Несколько мгновений она стояла, глядя в светло-голубые глаза ребенка, а потом взяла его на руки и прижала к себе.
– Бедный мой малыш, – прошептала она, целуя ребенка. – Бедняжка…
Выйдя из дома с ребенком на руках, она остановилась у перил и смотрела, как Ген споласкивает руки в пруду. Она видела, как грязь с его рук попадает в пруд, как становится мутной драгоценная влага. Беспечность Гена рассердила Анну. Ген всегда был таким. Но промолчала, зная, что сейчас не время говорить об этом.
– Хочешь, я соберу малыша в дорогу? Ген не ответил, и Анна подумала, что он не расслышал ее, но когда собралась повторить вопрос, он повернулся и взглянул на нее в упор.
– Оставь его у себя. Если не выживет, похорони рядом с матерью. Но ко мне не приставай. Ты спасла его, ты за ним и присмотришь.

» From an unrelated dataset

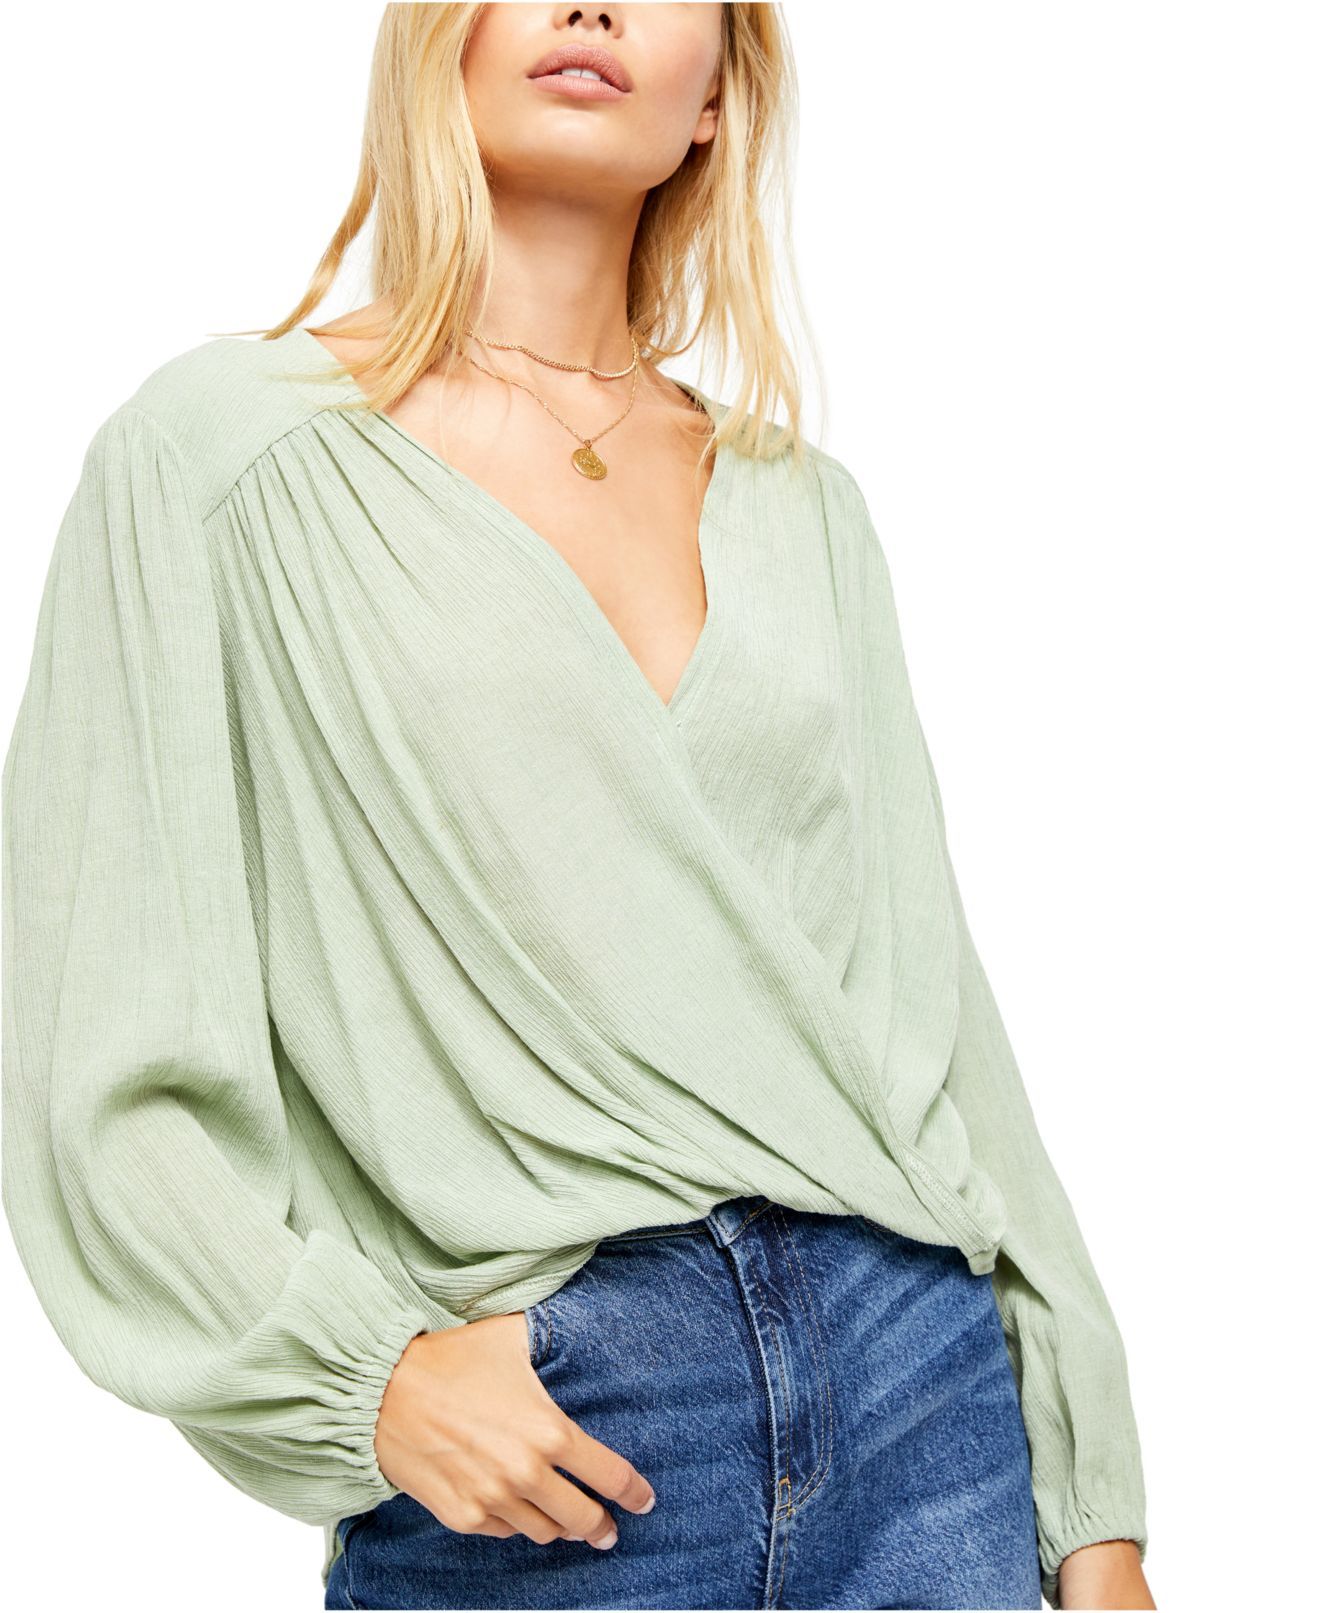 Color: Greens Size Type: Regular Size (Women's): S Sleeve Length: Long Sleeve Type: Blouse Style: Wrap Neckline: V-Neck Pattern: Solid Theme: Modern Material: Rayon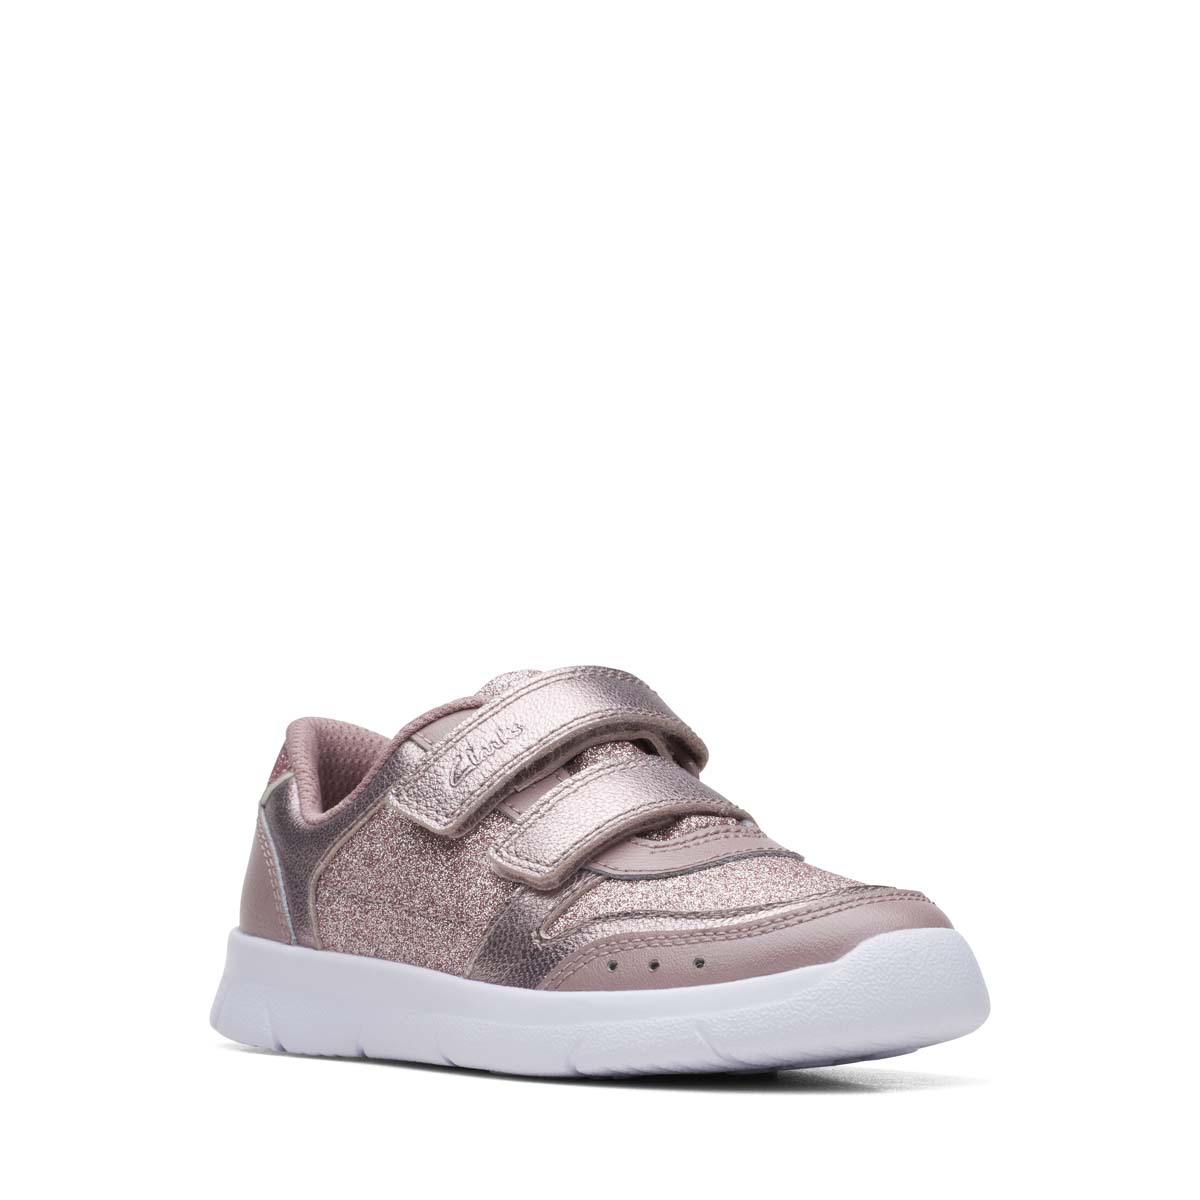 Clarks Ath Sonar K Pink Kids Toddler Girls Trainers 688686F In Size 7 In Plain Pink F Width Fitting Regular Fit For kids

Анна в гневе протянула ему ребенка.
– Это же твой сын, Ген. Твой сын! Ты в ответе за него. Так устроен мир.
Ген отвернулся.
Анна прижала к себе малыша, и тот вновь расплакался. Ген протопал по грязи и быстро поднялся по ступеням, грубо оттолкнув мать с дороги, чтобы войти в комнаты. Спустя минуту он вышел в линзах, поднятых на лоб. Взглянув на него, Анна заметила, что он без плаща.
– Твой плащ, Ген… Тебе понадобится плащ.
Он отвернулся, глядя на жерло вулкана, еле заметное с того места, где они стояли.
– Пусть останется здесь, – решил он, скользнув взглядом по ее лицу. – Больше он мне не нужен.
Эти слова испугали Анну, заставляя гадать, не лишился ли Ген рассудка. Она перевела взгляд на ребенка. Анна надеялась, что перед уходом Ген хотя бы подержит его на руках.
Она шагнула к сыну, протягивая малыша, но Ген прошел мимо и ступил на подвесной мост. Не прошло и минуты, как он скрылся из виду.
– Но ведь ты не дал ему имени, – тихо проговорила Анна.
Пустынная местность в тени вулкана была сплошь покрыта разломами. В большой расщелине царила кромешная тьма. Случайный прохожий не обратил бы на нее внимания, если бы не одна странность – каменная стена высотой пять-шесть футов, окружающая трещину.
Вдруг из темноты показался человек в светлых одеждах.
Ничто не нарушало безмолвия, какое бывает лишь в пустынях. В прохладной тишине рассвета из горячего сердца вулкана поднимался пар, окутывая его едва заметной загадочной завесой. Анна наблюдала, как высокая светлая фигура взбирается по склону вулкана, как кружится вокруг нее пар, то густея, то вновь рассеиваясь. Толстые линзы придавали голове человека странную, но узнаваемую форму. Минуту он стоял, глядя вниз, на темную расщелину. Пробиваясь сквозь колышущиеся слои дыма, лучи солнца озаряли его фигуру. Затем с медлительностью призрака, который тает, не оставляя следа, человек повернулся и исчез.